Importing non-normalised excel data from different files

wiklendt · Oct 7, 2010

Hey everyone.

Intro
I'm going to tackle an import procedure i've been avoiding for a while - mainly because i have no idea of where to start with this.

Please open the attached PDF (the files are excel, but i've printed to PDF for convenience of showing you guys) so you know what i'm talking about....

ok, so. we have a machine which determines antibiotic resistance of any bacterial isolate you throw into it, and for each sample, we can manually export its results in a single excel file per sample.
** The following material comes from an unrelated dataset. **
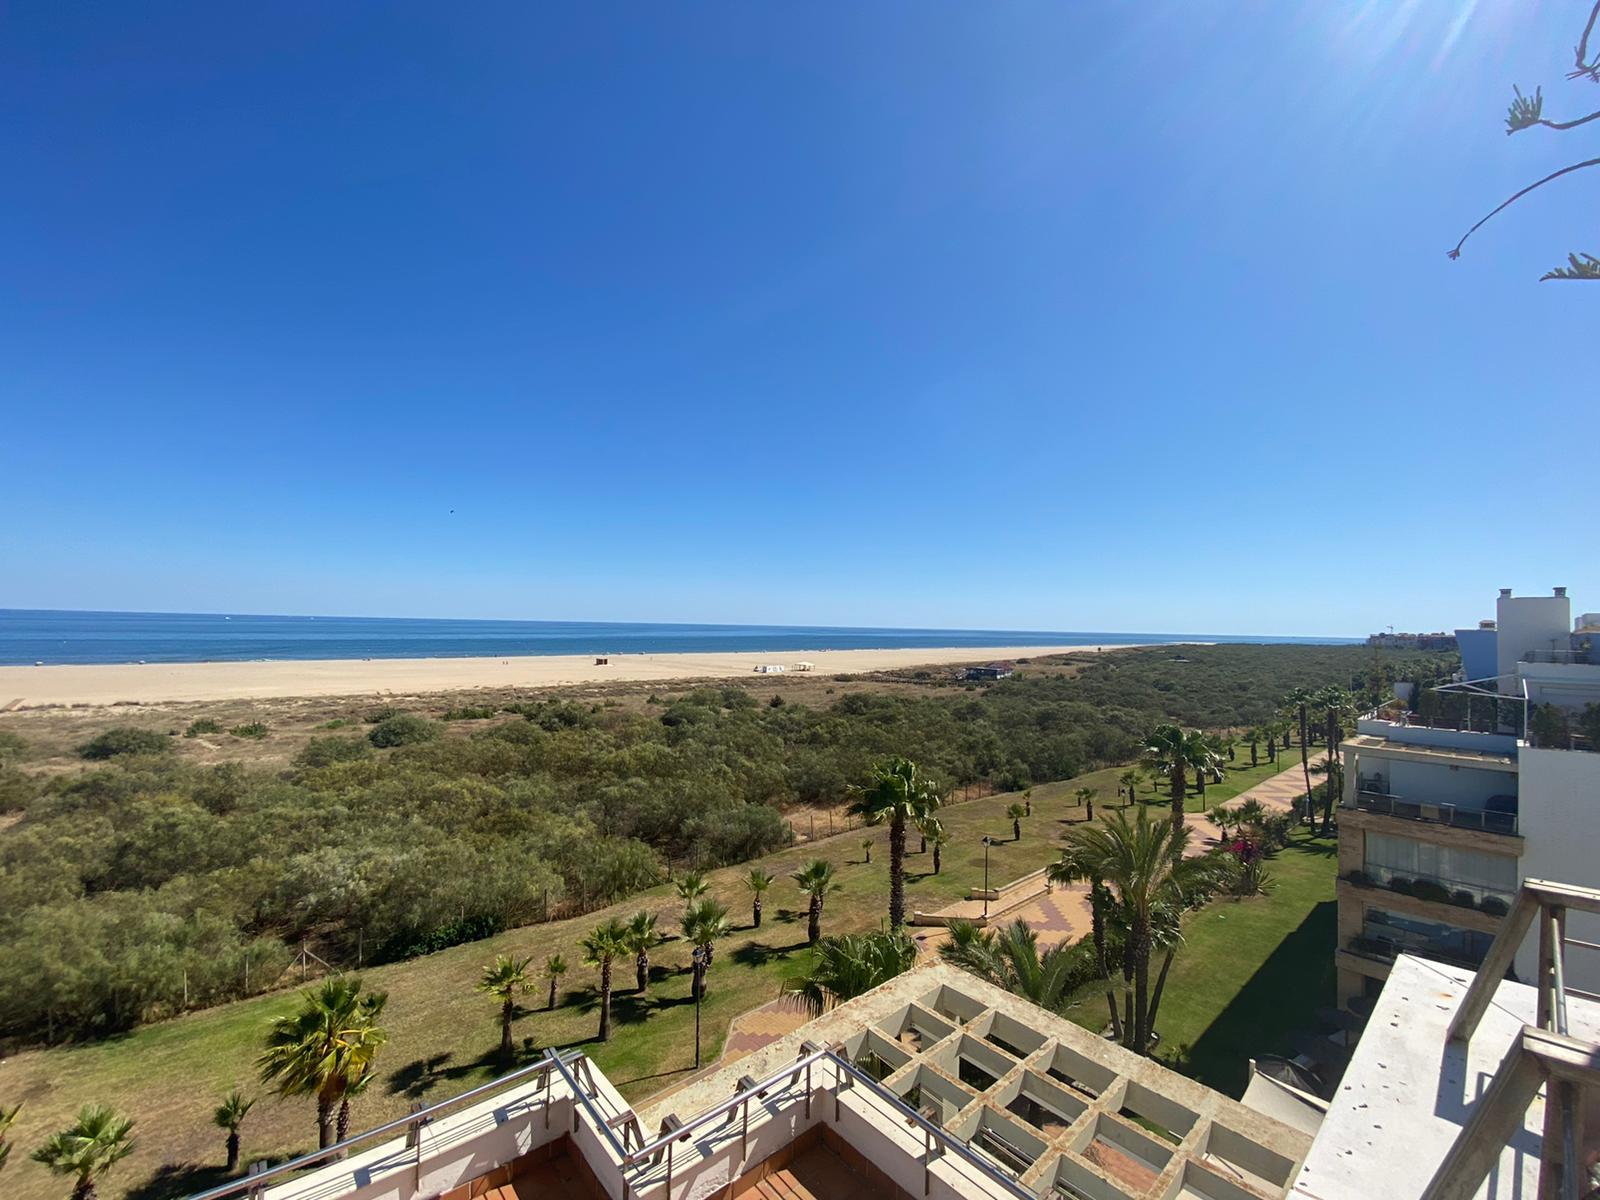 Imagen 51 del Apartamento Turístico, Ático 3 Levante, Frontal (4d+2b), Punta del Moral (HUELVA), Paseo de la Cruz nº22

We currently have a hundred or so of these files, but acquire about 3-4 new ones a week.

Information required to pull out
I've highlighted the fields in the PDF that i'd need to import. Noted also is that the header information isn't always the same number of rows down, and there's other data which is an unknown rows also.

In addition to that, the antibiotic names in the first column can change depending on the test performed on the machine.

Also, the values it provides as a result (e.g., "<=1") i will want to separate the, what i call, 'qualifier' from the value and wherever there is no qualifier, i want to add an equals to it (i.e., "8" becomes "=8") and then split to two fields)

Current competencies
i have several normalised tables in my database, and once the data is imported into it, i can match field data to an ID and append the appropriate FK, but i don't know how to start importing this stuff.

The unknown
i know an import specification is normally used, but it requires column and field names to be identical.... well, that's fine except where the data is all over the shop like in our excel files. not helped by the fact i've never done any import whatsoever (aside from a FE/BE scenario, which is totally different anyhow!).

so how would i go about this one? would i need to parse the info first into some other format and then import, or import and try to filter out redundant data, or some other way?

anyone willing to point me in the right direction? how would you do it?

ta.

Trevor G · Oct 7, 2010

Can you attach a verison of the database in Access 2003 format so we can take a look at the table structure etc, if the data is coming of a spreadsheet as indicated, would it be useful to have a second sheet which is linked so the data goes across the columns and you end up with a single row, that would be easier to use a transferspreadsheet macro or code if necessary.

It may also be useful to upload a sample spreadsheet so this can be worked on as well.

wiklendt · Oct 7, 2010

Sure.

What i've done is arranged the relationship view with the relevant tables. Basically anything with "MIC" in the name. Please bear in mind it is still a work in progess, so don't be shy to voice any major (or even minor) database faux pas you spot.

I suppose i should now explain some of the process...

antimicrobials are added to a panel, which form a standard test (there may be several of these standard tests).

to make a test 'run', we combine an isolate with a panel.

this run then can have many results as each panel has multiple antimicrobials.

each result is dependent on the combination of antimicrobial/panel/isolate, and is given a 'qualifier', a value, and an interpretation (as per the machine).

this particular DB attached is missing the 'marker' and 'rules' tables, but they are a 1-M with the result table linked by MICrunID (i.e., any one run (nb: 'run', not 'result') can have many rules/markers associated). these marker and rule tables may look like they have similar data in them and should be in the same table, but the machine sometimes gives the same rule code for different descriptors between the two, so i've kept them as separate tables in my DB. while the excel sheet has a column for rule codes within the antimicrobial results rows, i've never seen the machine put any there, they are always below the antimicrobials results just like in the sample excel file.

DCrake · Oct 7, 2010

In my experience what I have done is to create a second worksheet which has the correct column headings in row 1 and in row 2 I reference the cells in sheet 1 as per the column headings. That way you are turning the data 90 degrees.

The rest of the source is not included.